Drug Evaluation Committee 2013-45 Scope of Monitoring - Documents to be kept by the SMO
Related classification: Other
Initial release date: December 2013
Revised publication date: December 2021
Question
The August 31, 2020, Office Communication, Attachment "List of Documents or Records Related to Clinical Trials" states that "Documents or records related to clinical trials are subject to investigation by regulatory authorities or audit by the sponsor or the person in charge of audit of the person conducting the clinical trial, and should be organized to be able to respond to such investigation or audit. It is necessary to organize them in such a way as to be able to respond to such investigations." However, there is no description from the viewpoint of who directly inspects which documents.
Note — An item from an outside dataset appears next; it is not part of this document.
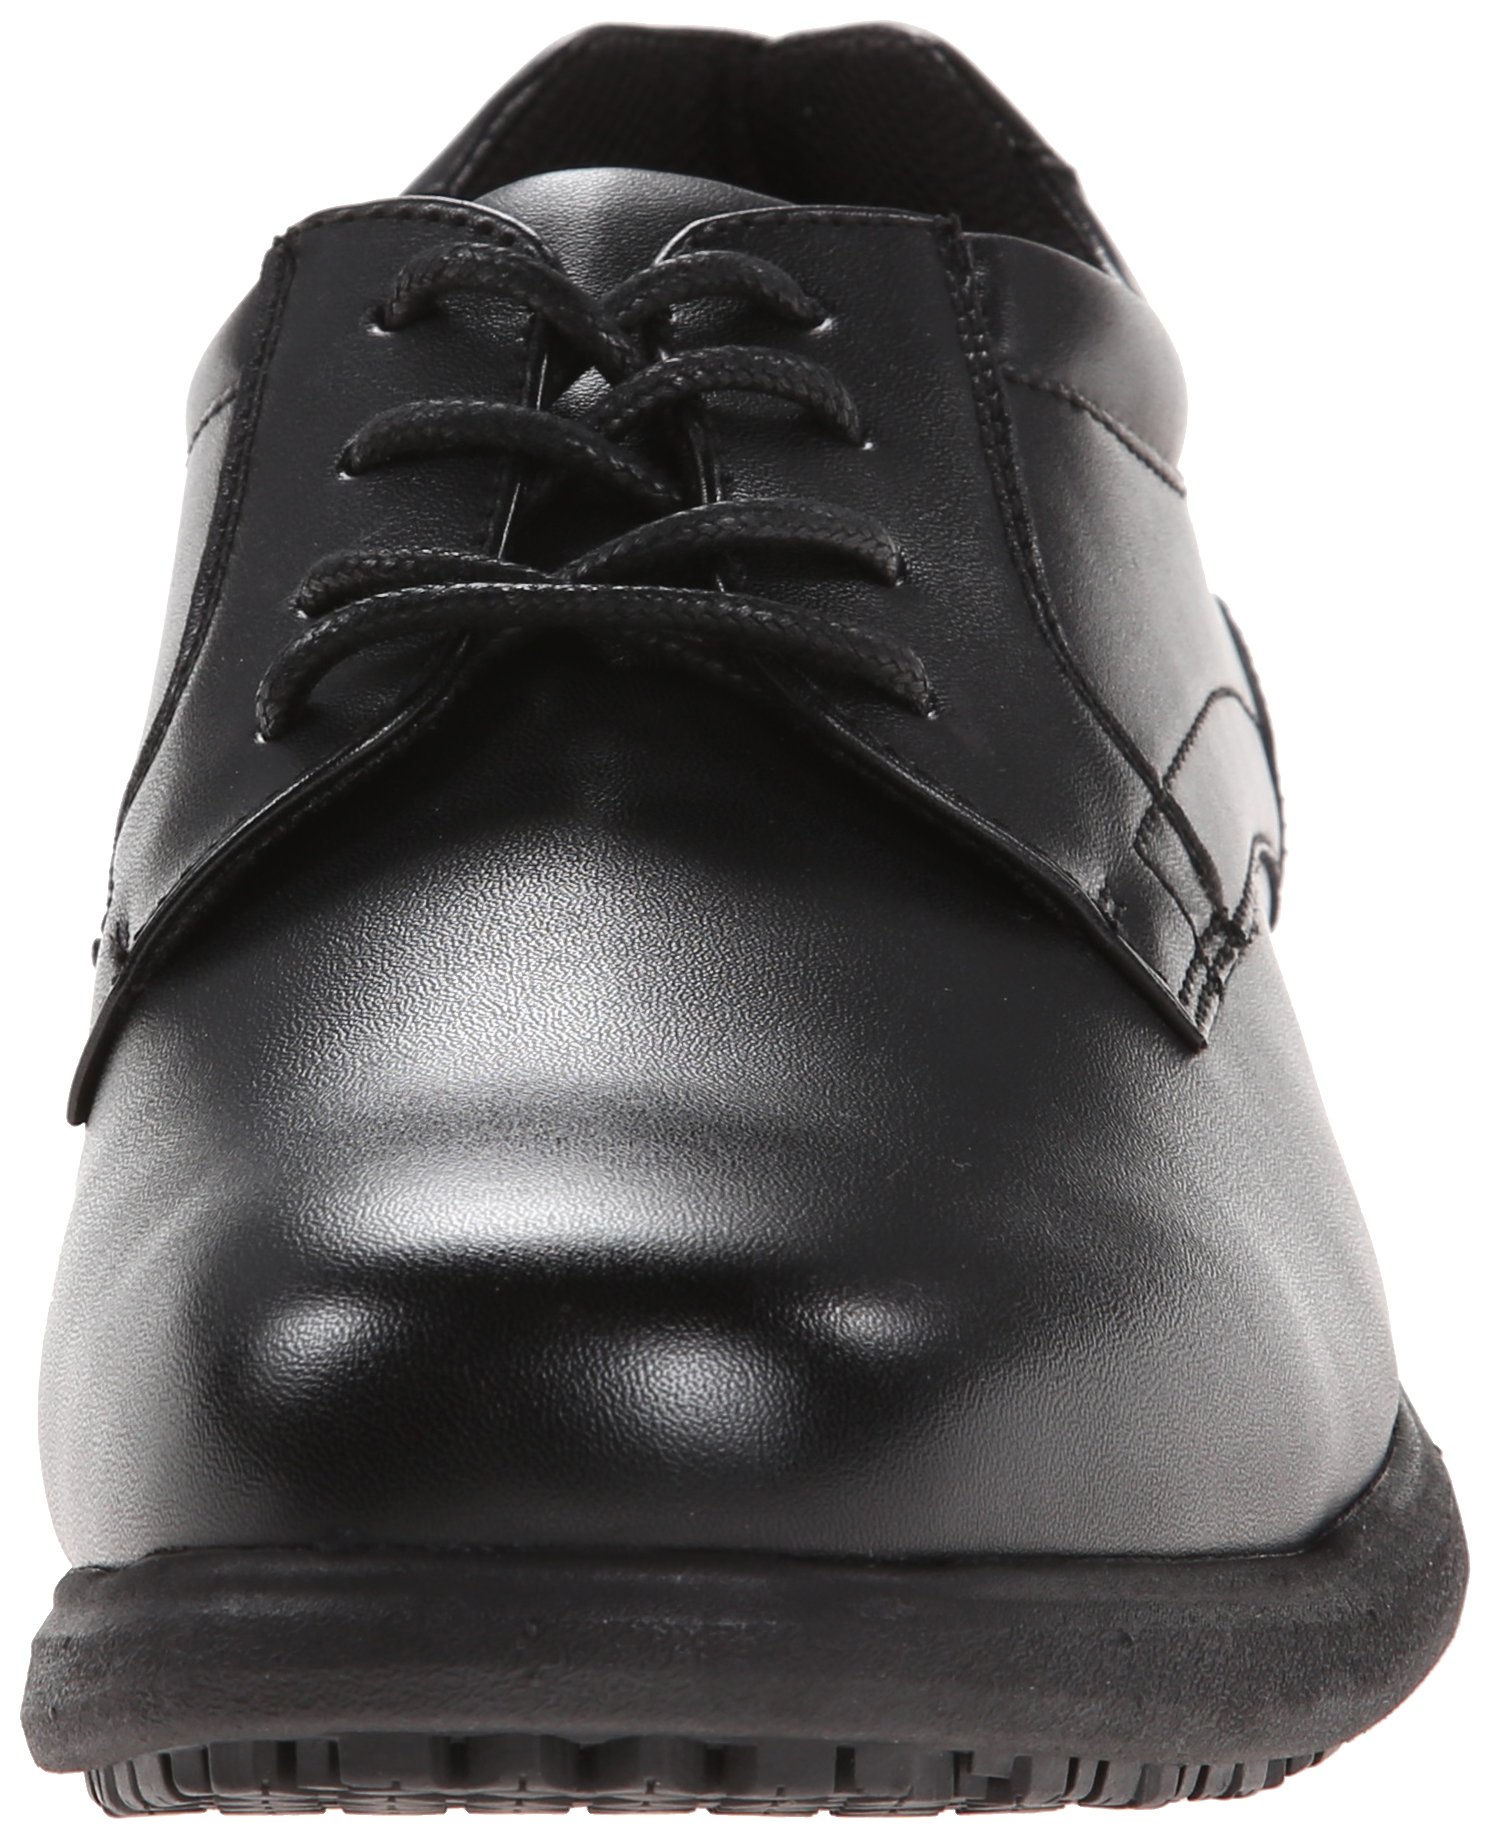 Nunn Bush Men's Sherman Slip-Resistant Work Shoe Oxford Sneaker

Please tell us if the documents "66. contract between the person who conducts the clinical trial or the site support organization and the site support organization" and "67. documents regarding the site support organization's procedures for compensation for health damage" which should be kept by the site support organization (SMO) are subject to direct inspection of required documents by monitors. The same document corresponding to 66, "29. Agreement between the person conducting the clinical trial or the site support organization and the site support organization," which is stored at the site, will be inspected.
I am aware that if it is properly stored in the SMO, there is no problem and it is not subject to direct inspection of required documents by monitors, but is it necessary for monitors to check the original?
Opinion of the Pharmaceutical Manufacturers Association of Japan (PMAJ)
According to Article 39-2 Guidance 10 of the GCP, the contractor (SMO) shall, upon request of the audit staff of the site and the regulatory authority, directly inspect all documents or records (including data) to be kept. The Guidance does not stipulate that the sponsor shall have direct access to such documents and records.
Therefore, it is basically a matter for the site to confirm that these documents are properly stored in the SMO. The sponsor may inquire with the site as necessary about the status of storage of essential documents at the SMO, and depending on the status, the sponsor may check with the SMO.
Reason for revision of opinion
The opinion text has been partially changed in accordance with the issuance of the GCP Guidance (July 5, 2049, Pharmaceutical Affairs Council of Japan, No. 0705-3).